PE-CLIP: A Parameter-Efficient Fine-Tuning of Vision Language Models for Dynamic Facial Expression Recognition

Ibtissam Saadi, Abdenour Hadid, Douglas W. Cunningham, Abdelmalik Taleb-Ahmed, Yassin El Hillali

TL;DR

PE-CLIP tackles the high cost of adapting vision-language models for dynamic facial expression recognition by introducing a parameter-efficient framework that freezes CLIP encoders while deploying lightweight adapters (Temporal Dynamic Adapter and Shared Adapter) and Multi-modal Prompt Learning with AU-based textual prompts. The approach achieves competitive WAR and UAR on DFEW and FERV39K with only about 9 million trainable parameters, thanks to temporal modeling via a GRU-based TDA with dynamic scaling and cross-modal refinement through MaPLe.

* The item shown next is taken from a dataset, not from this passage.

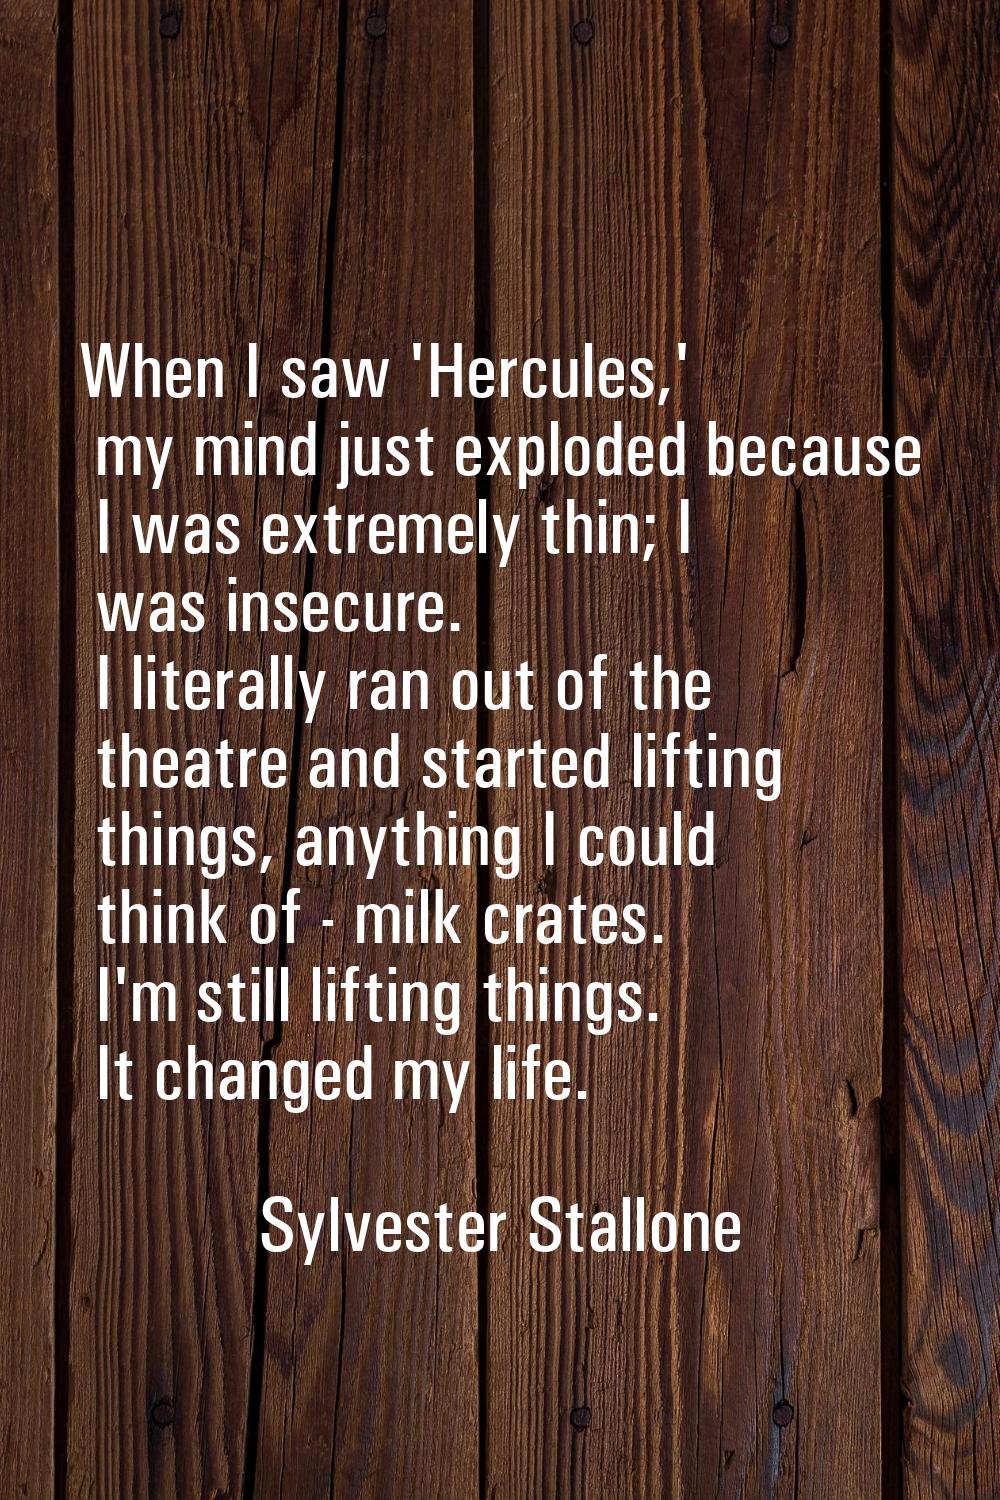 When I saw 'Hercules,' my mind just exploded because I was extremely thin; I was insecure. I litera

Key contributions include the TDA for short- and long-term temporal dependencies, cross-modal ShA refinement across vision/text, AU-informed textual prompts, and comprehensive ablations demonstrating the value of each component. This design offers a practical, resource-efficient path to robust DFER in real-world settings, with potential extensions to self-supervised learning and audio-visual fusion.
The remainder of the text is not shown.